EXERCISE
Give back the data below word for word. Any image in it should be left out.

DATASET CONTENT
········

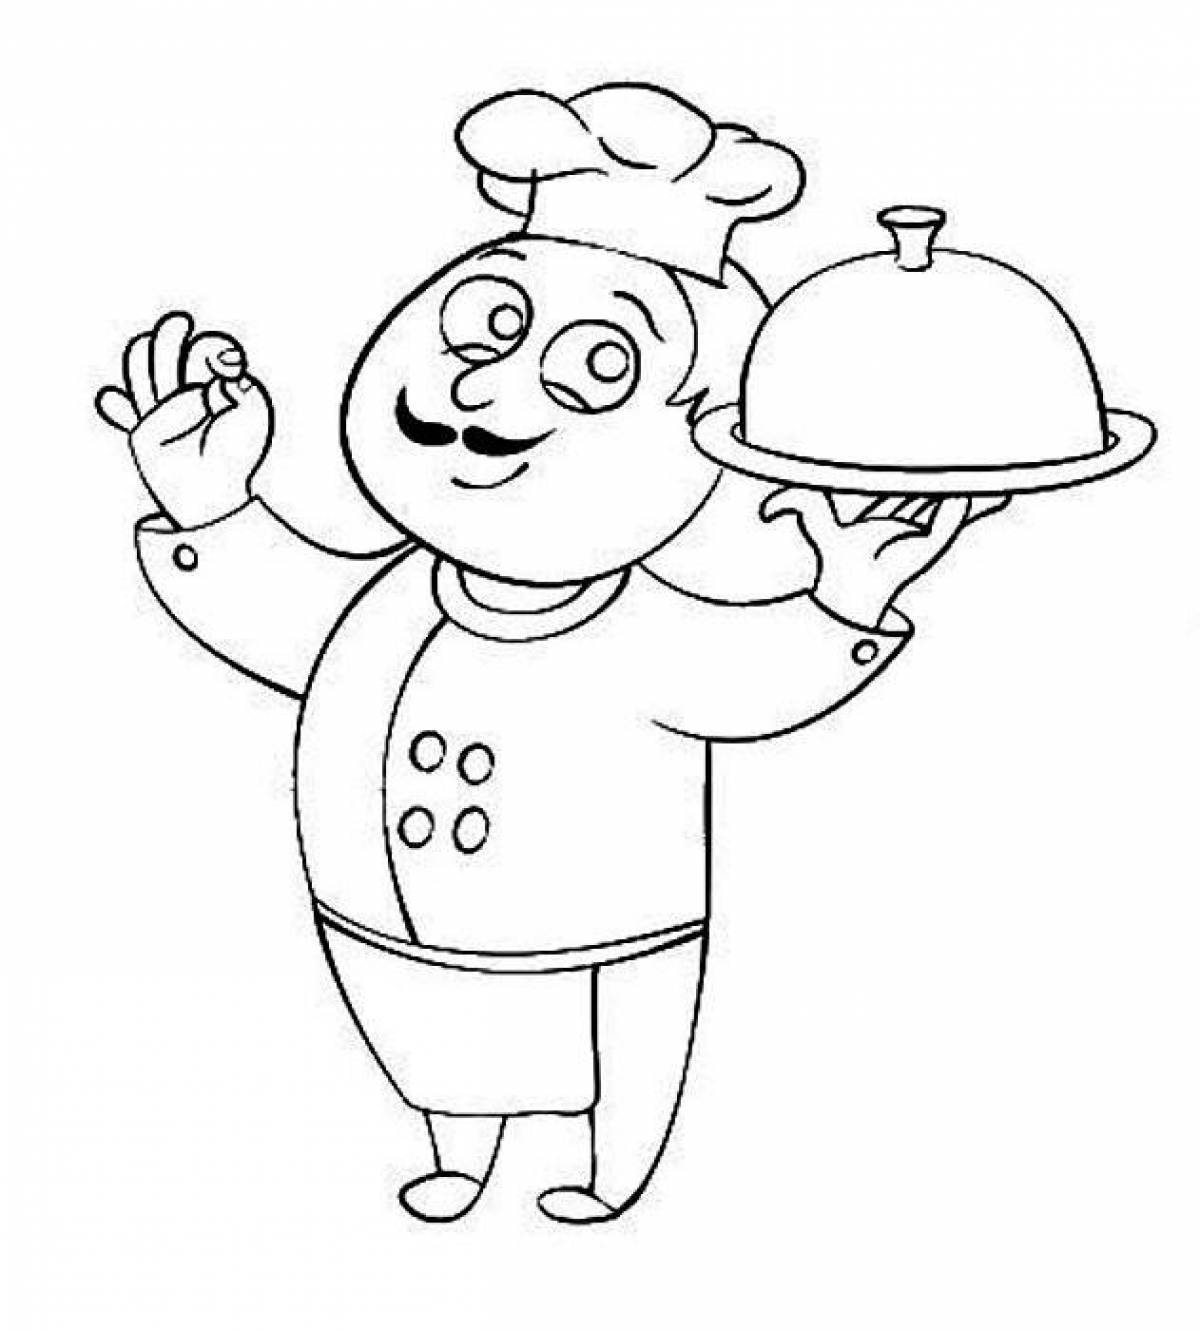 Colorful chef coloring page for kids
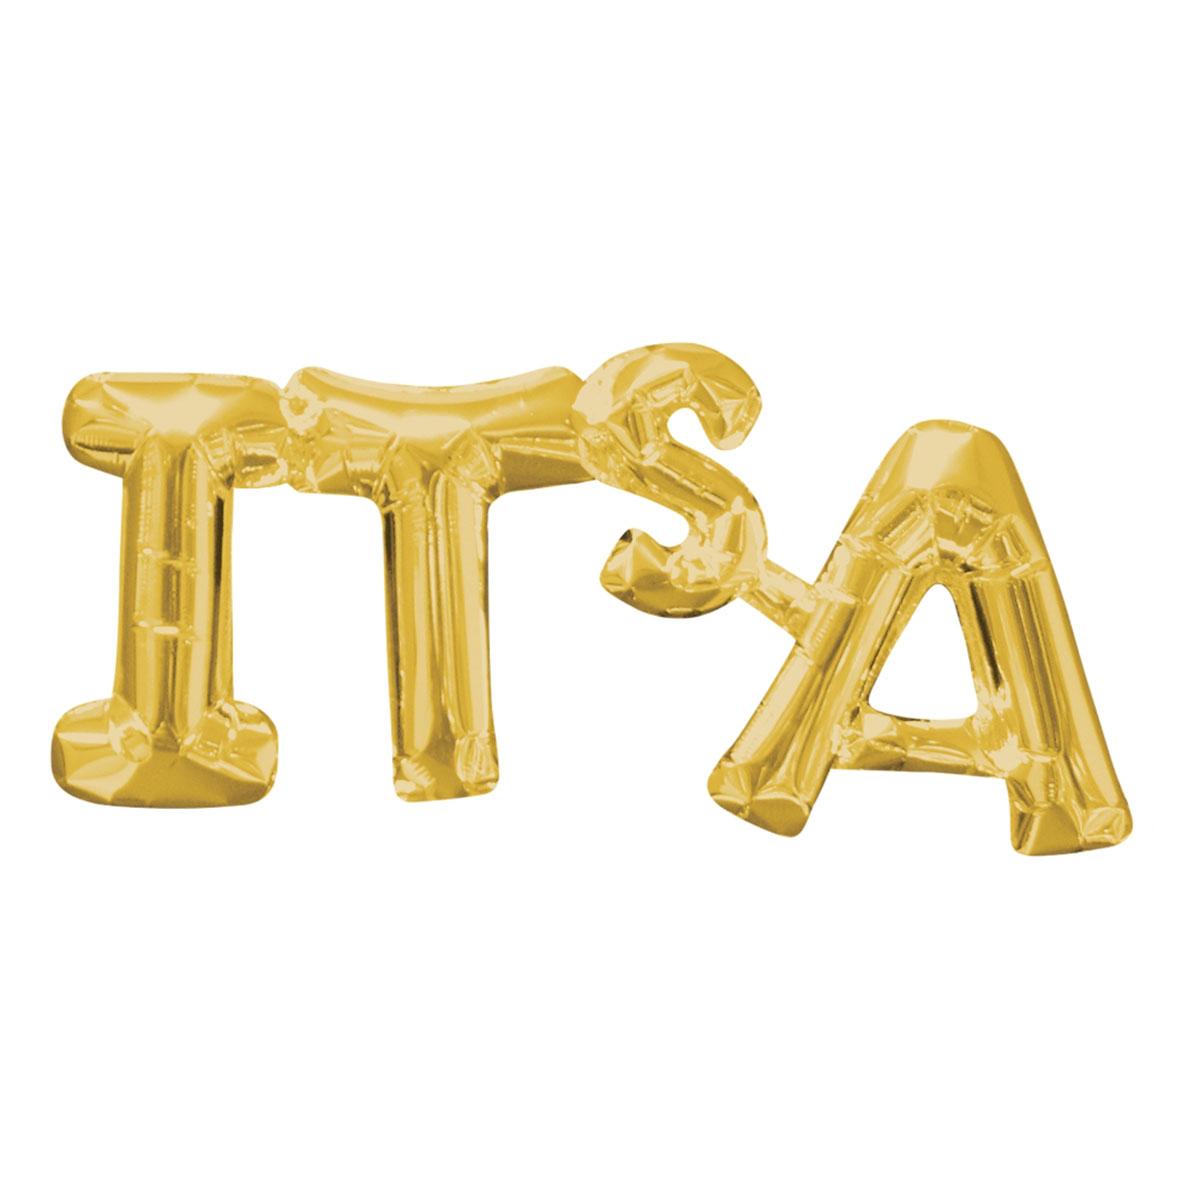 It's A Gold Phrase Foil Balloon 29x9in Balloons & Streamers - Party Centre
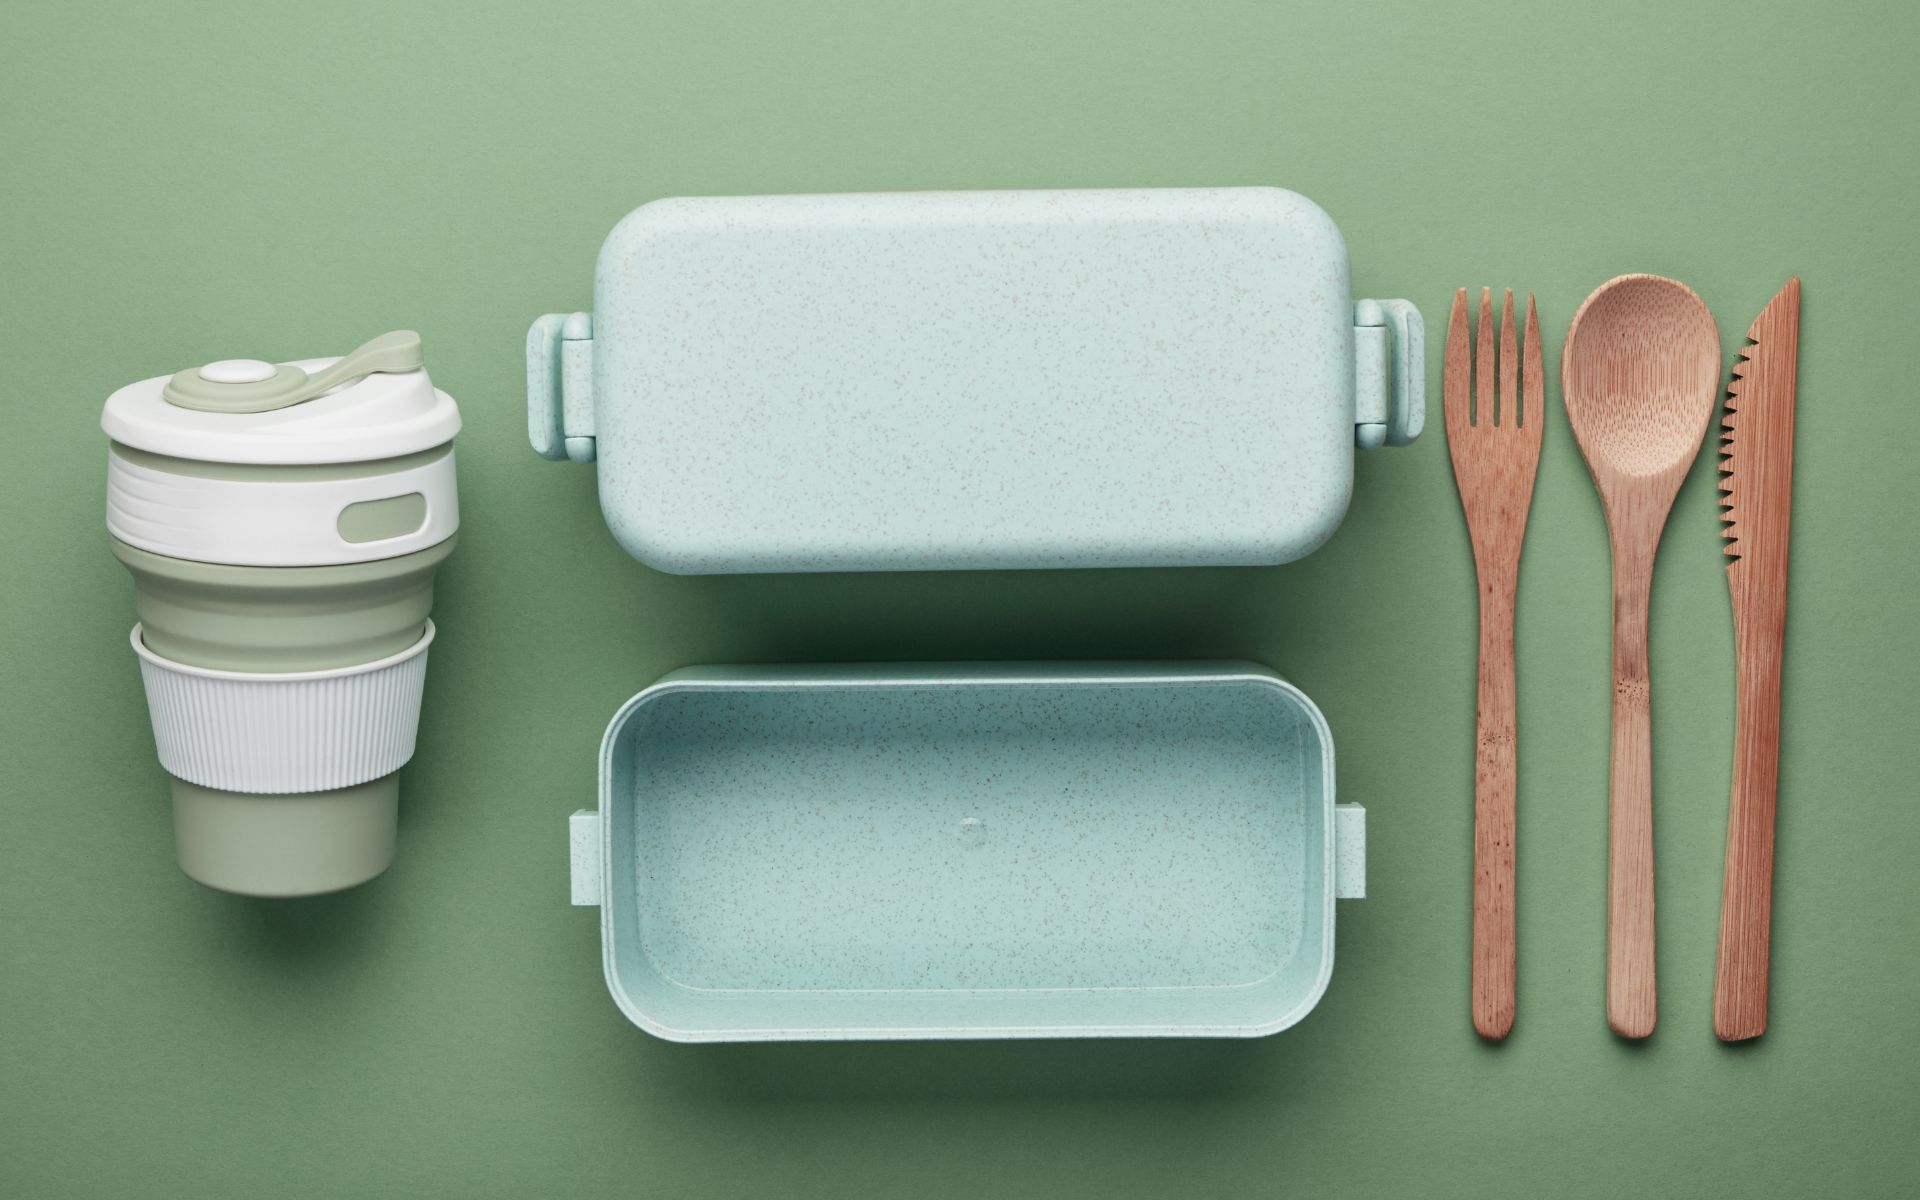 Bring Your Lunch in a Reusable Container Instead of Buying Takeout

········

EXERCISE RESPONSE
 Colorful chef coloring page for kids
 It's A Gold Phrase Foil Balloon 29x9in Balloons & Streamers - Party Centre
 Bring Your Lunch in a Reusable Container Instead of Buying Takeout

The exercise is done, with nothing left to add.